Our present study had several limitations. First, the study included only a small number of cases. However, the results were statistically significant despite the low statistical power. Second, the oral suspension group included patients whose frequency of posaconazole administration was adjusted after TDM during the study period. In these cases, the PPC measurements attained after changing dose strategies were excluded from analysis, potentially introducing selection bias. However, the excluded cases showed low PPC in the oral suspension group and, thus, the bias would not affect our conclusion that the posaconazole tablet was better than the oral suspension. Finally, patients in each group were enrolled in different periods. Despite these limitations, our present findings are important, as this is the first prospective study to analyze the posaconazole tablet in a Korean population.
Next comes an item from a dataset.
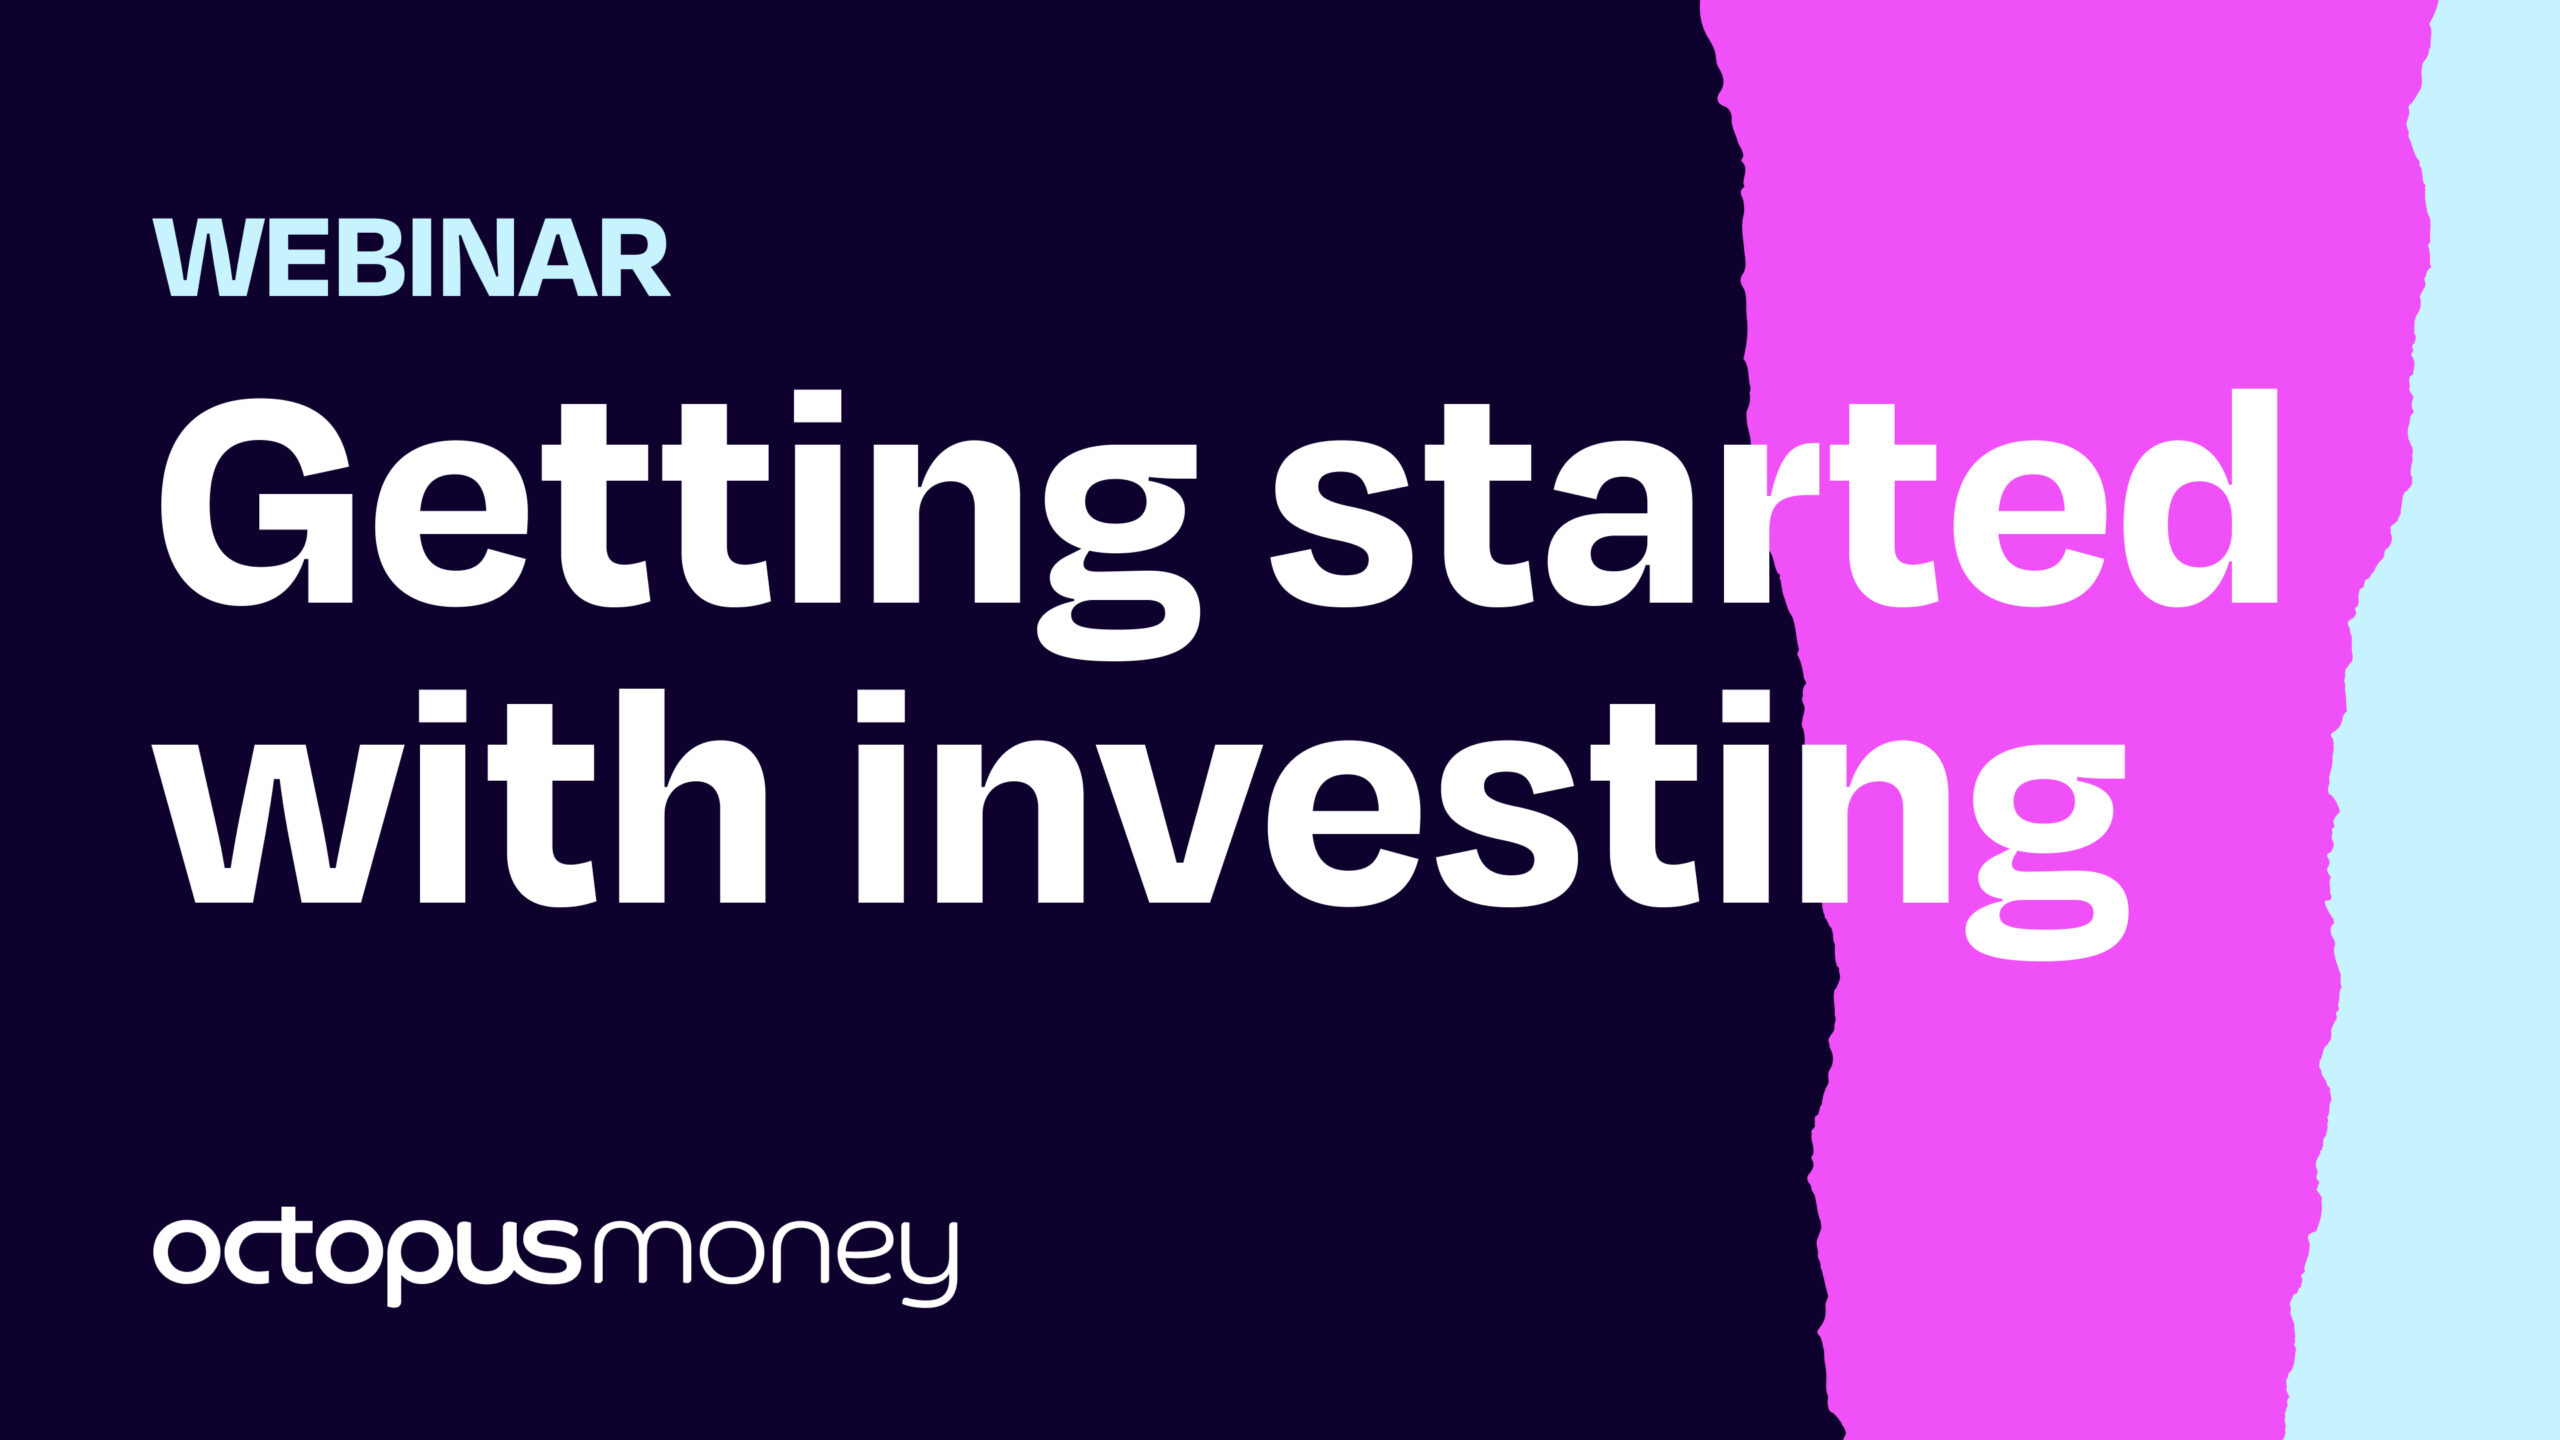 Getting started with investing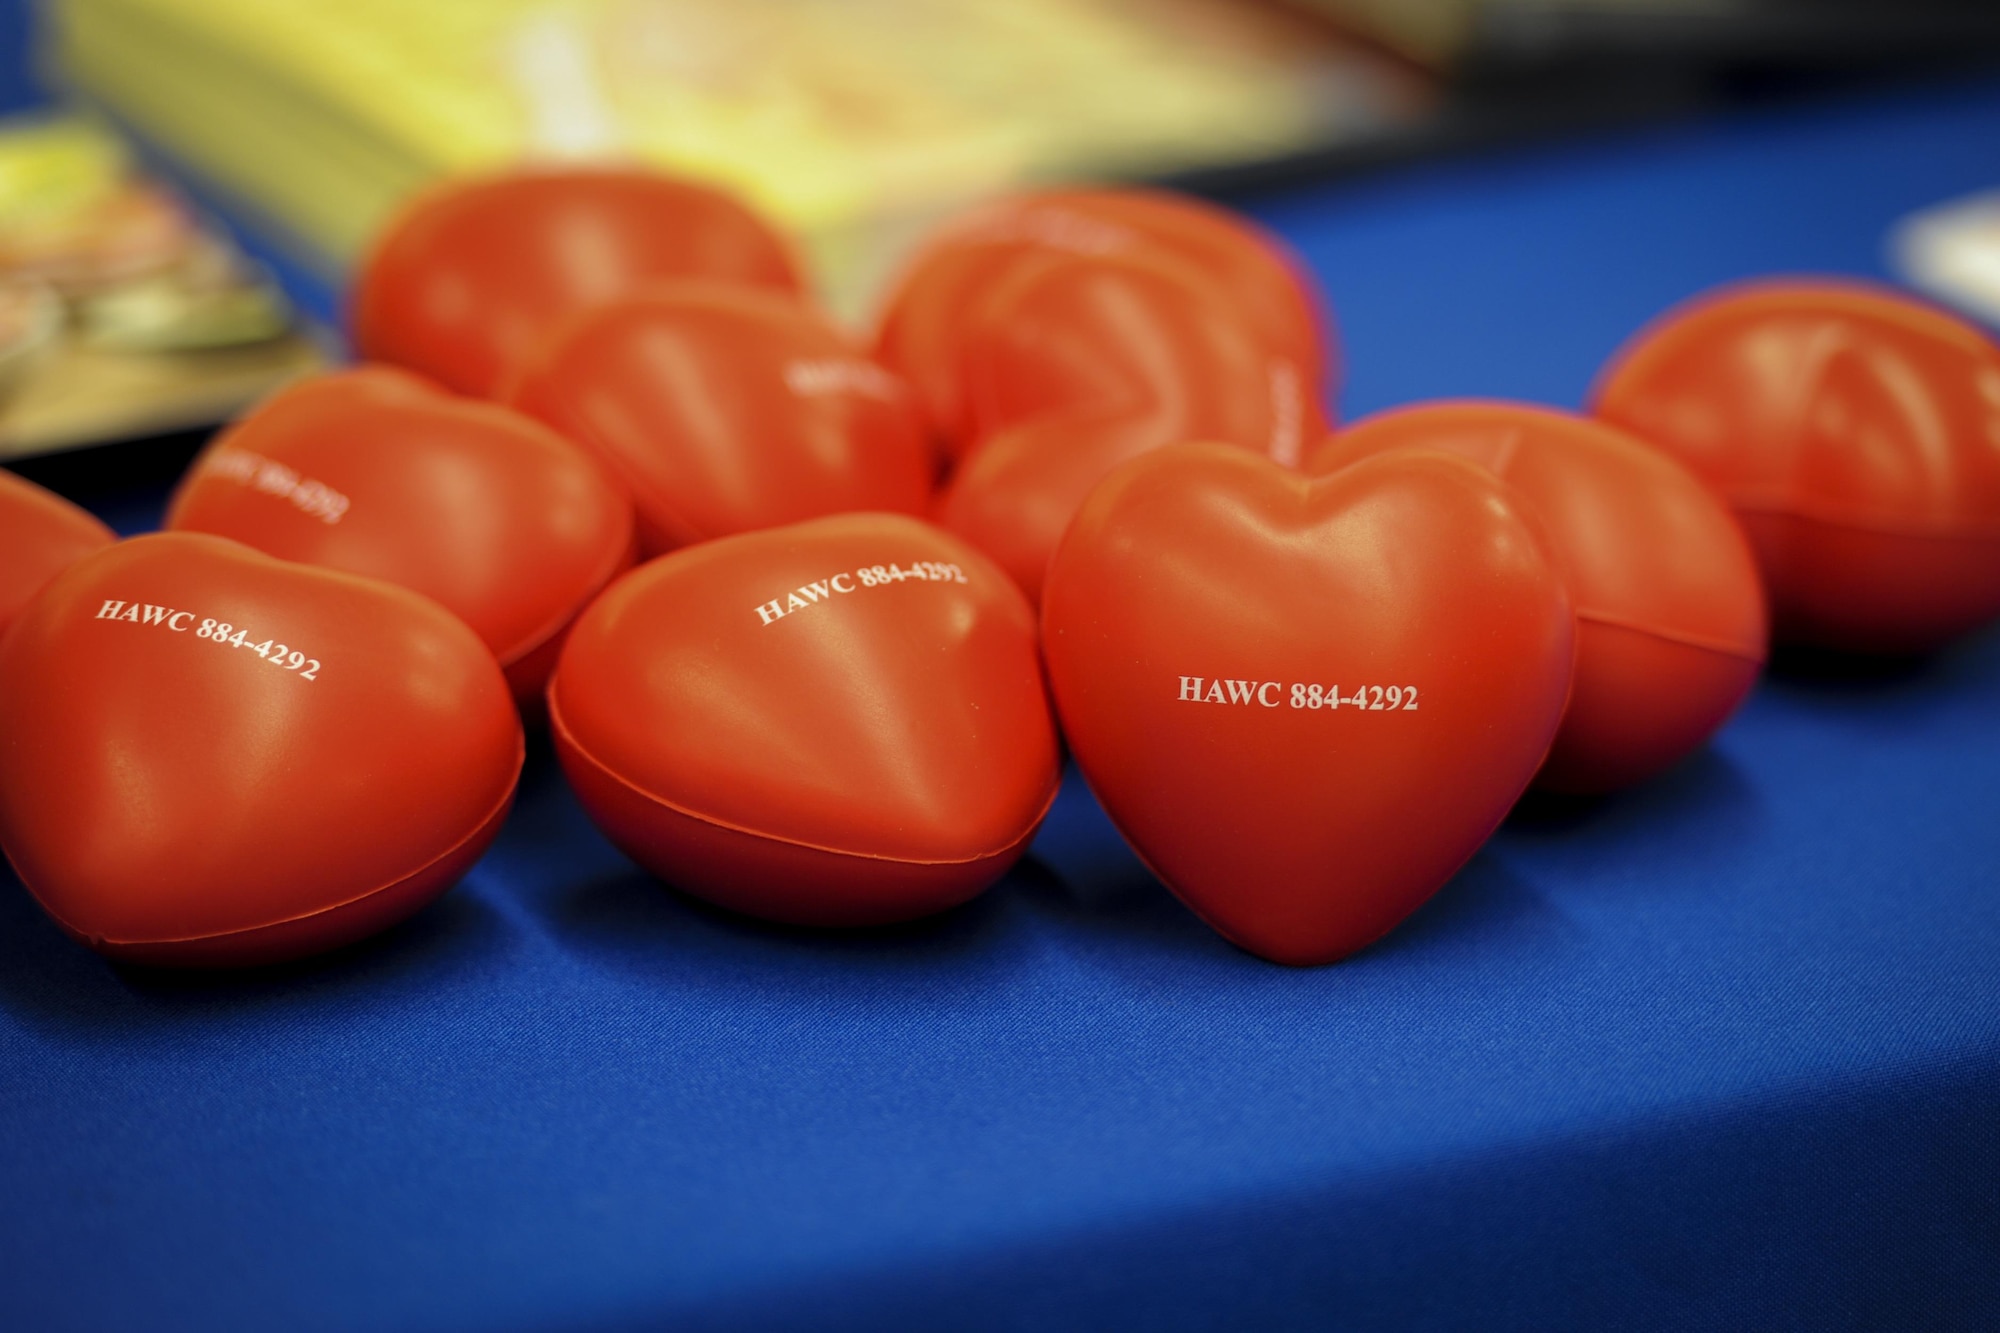 The Health and Wellness Center hosts an event to raise awareness of National Heart Health Month at Hurlburt Field, Fla., Feb. 22, 2017. The HAWC gave free blood pressure assessments, body mass index screenings, and tips for leading a heart-healthy life. (U.S. Air Force photo by Airman 1st Class Dennis Spain)

In conclusion, among our population of Korean patients with hematologic malignancies, we found that the tablet group attained optimal PPC earlier and in more patients compared to the oral suspension group, without an increase of adverse events. The more consistent bioavailability of the posaconazole tablet demonstrated in the present study supports the possibility that routine TDM may not be necessary in patients taking the posaconazole tablet. Our findings suggest that the posaconazole tablet should be the preferred posaconazole formulation among patients with hematologic malignancy in Korea.